■ INFORMATION SHOWN
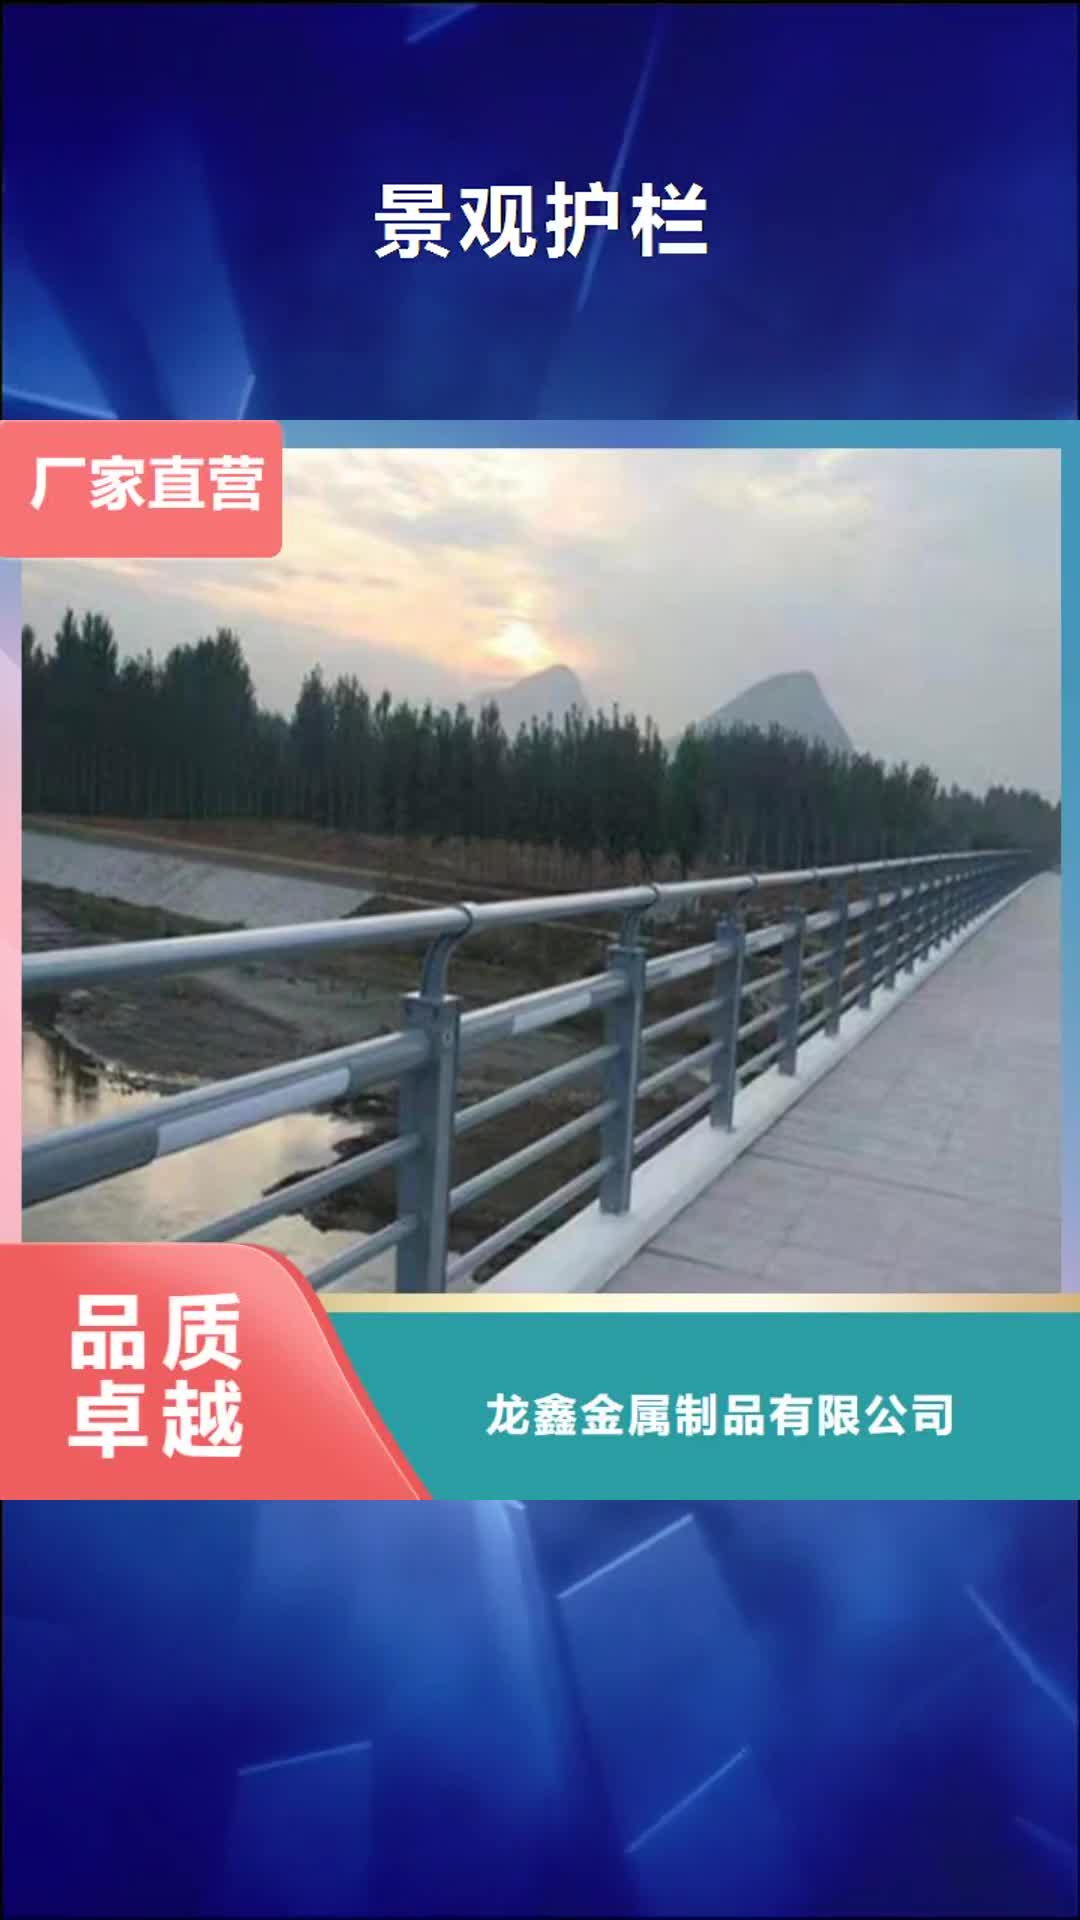 阜阳 景观护栏 【景观桥梁护栏】厂家技术完善
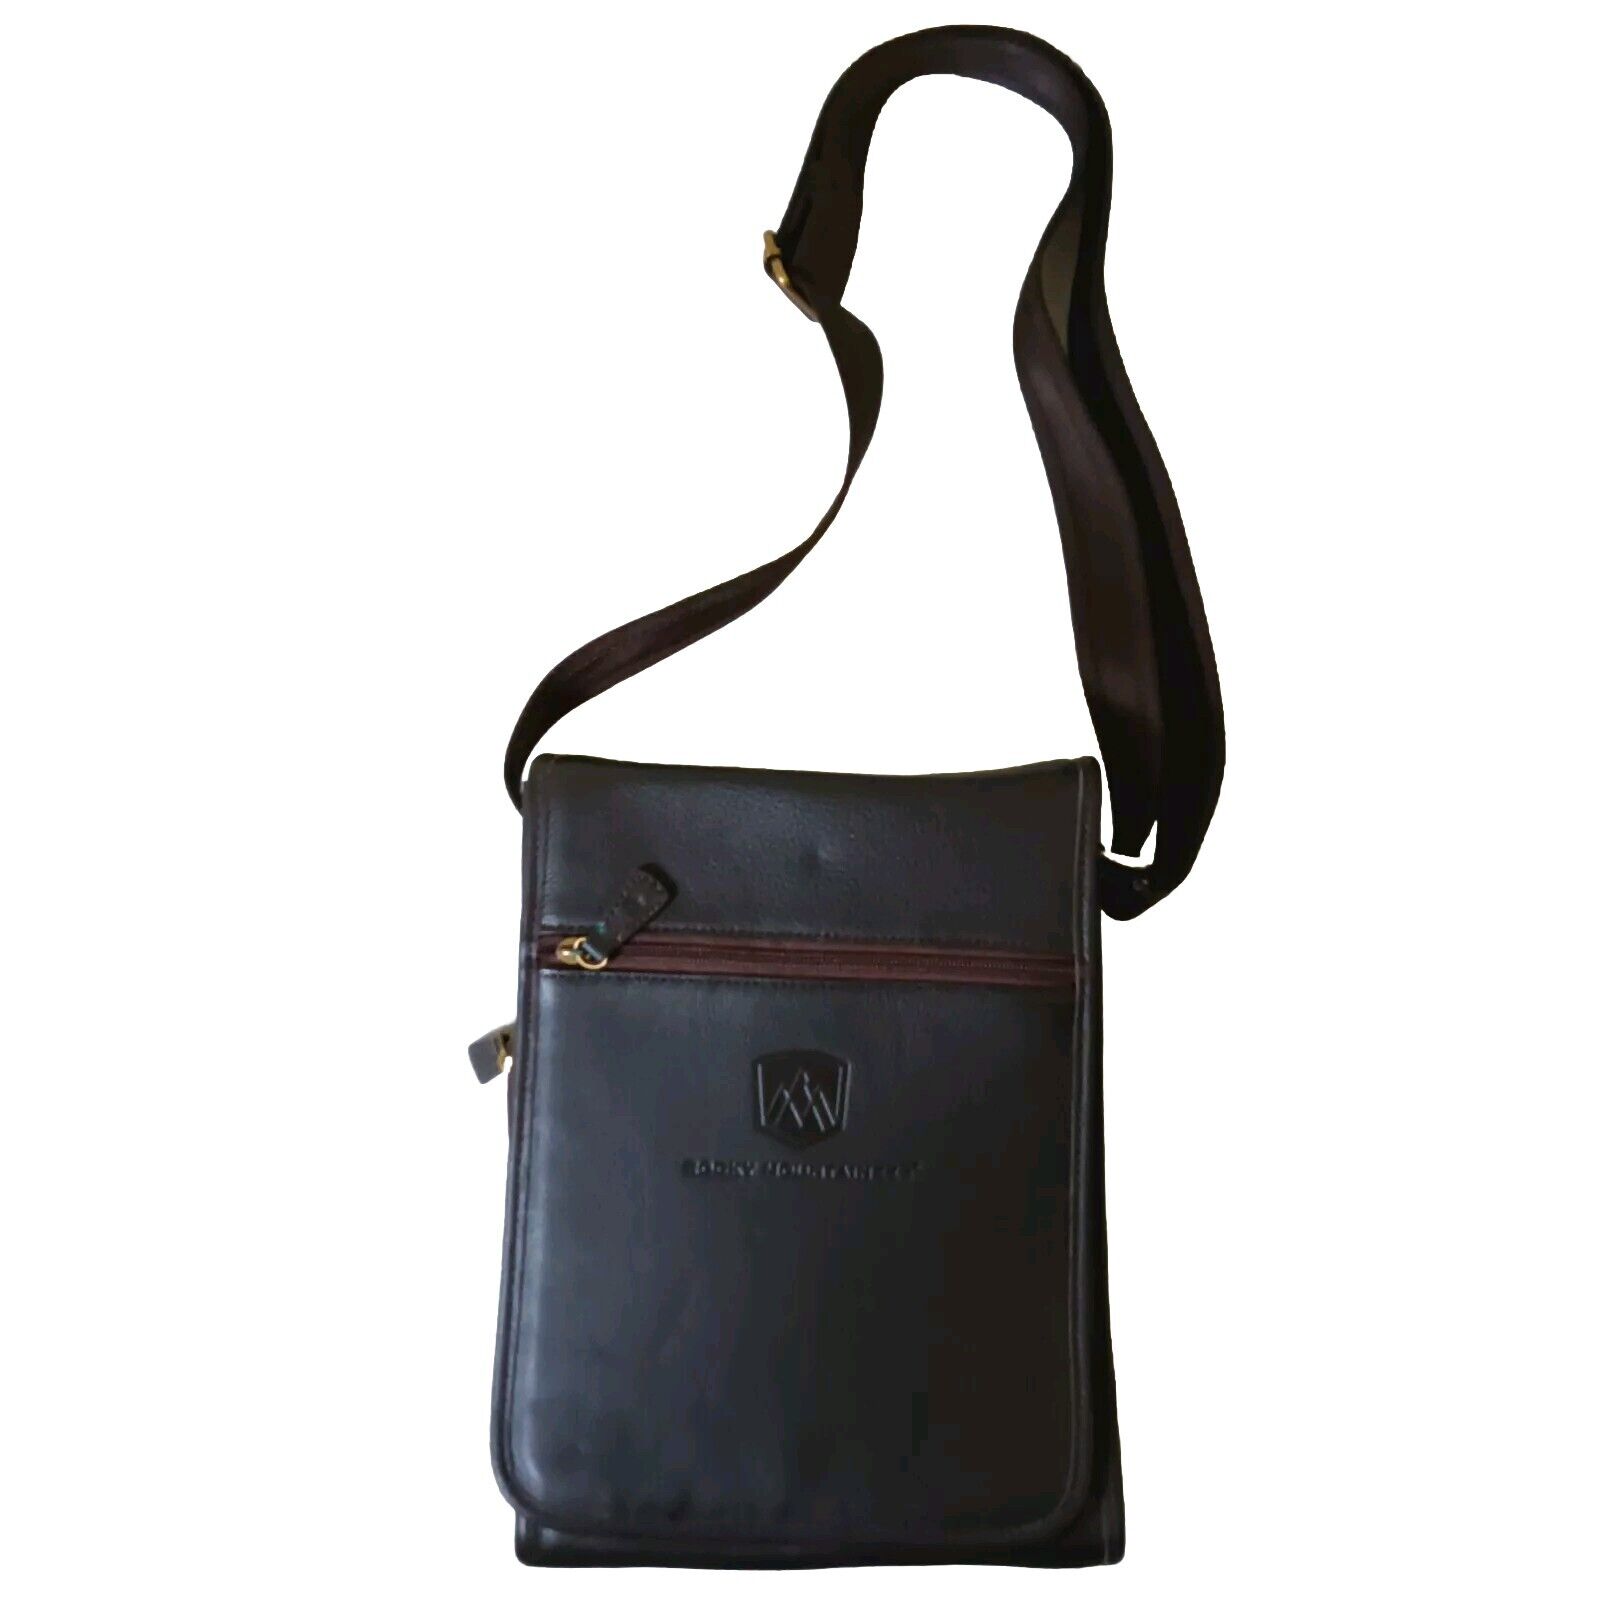 Vintage Rocky Mountaineer Leather Bag Adjustable strap brown shoulder Satchel
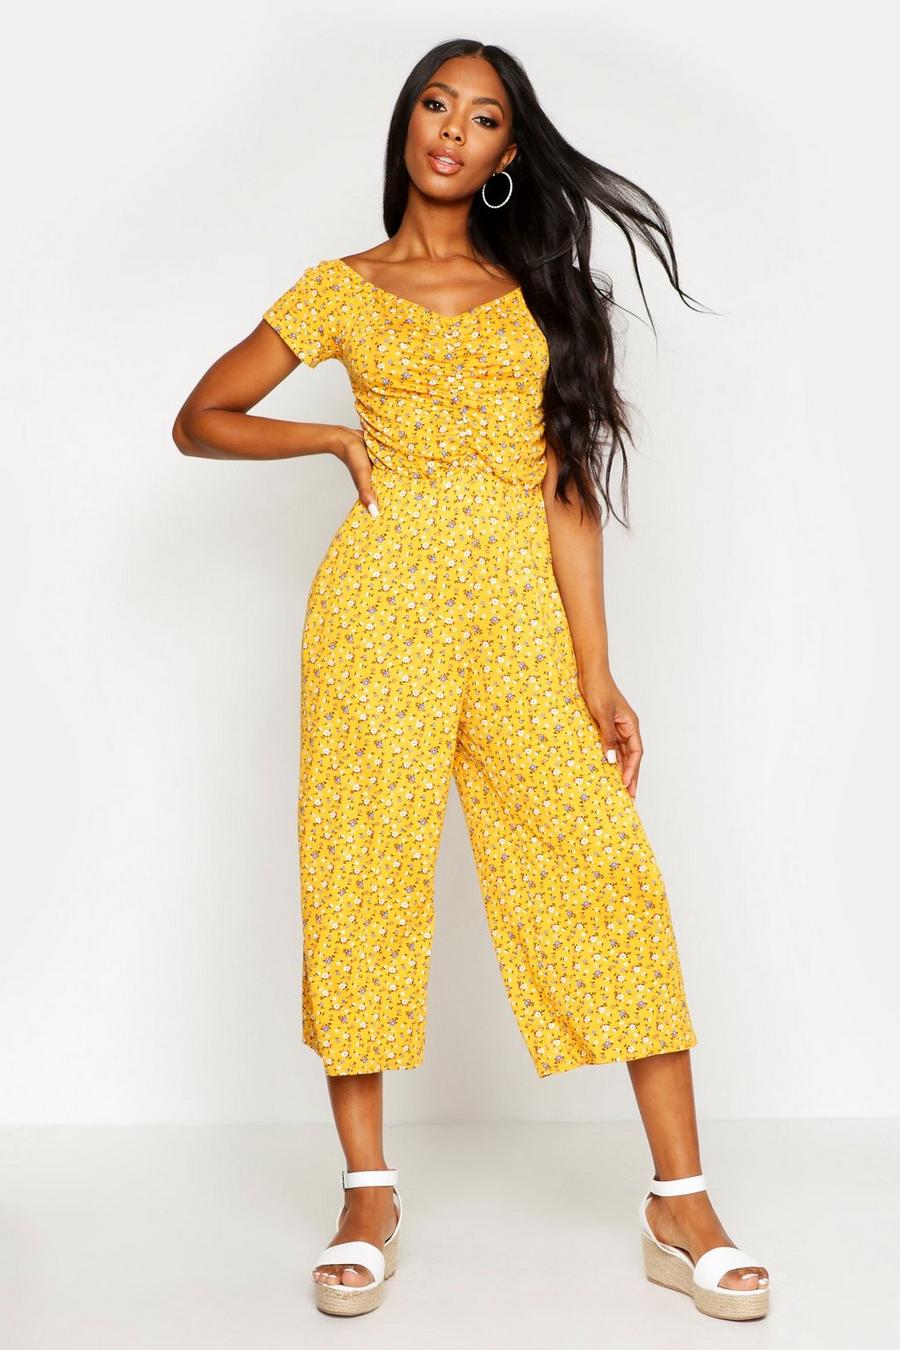 Culottes-Jumpsuit mit Herzausschnitt und Streublüten-Print, Mustard yellow

■ DIRECTIONS
Reproduce the data above without a single change, please, but without its pictures.

■ RESULT
 阜阳 景观护栏 【景观桥梁护栏】厂家技术完善
 Vintage Rocky Mountaineer Leather Bag Adjustable strap brown shoulder Satchel
 Culottes-Jumpsuit mit Herzausschnitt und Streublüten-Print, Mustard yellow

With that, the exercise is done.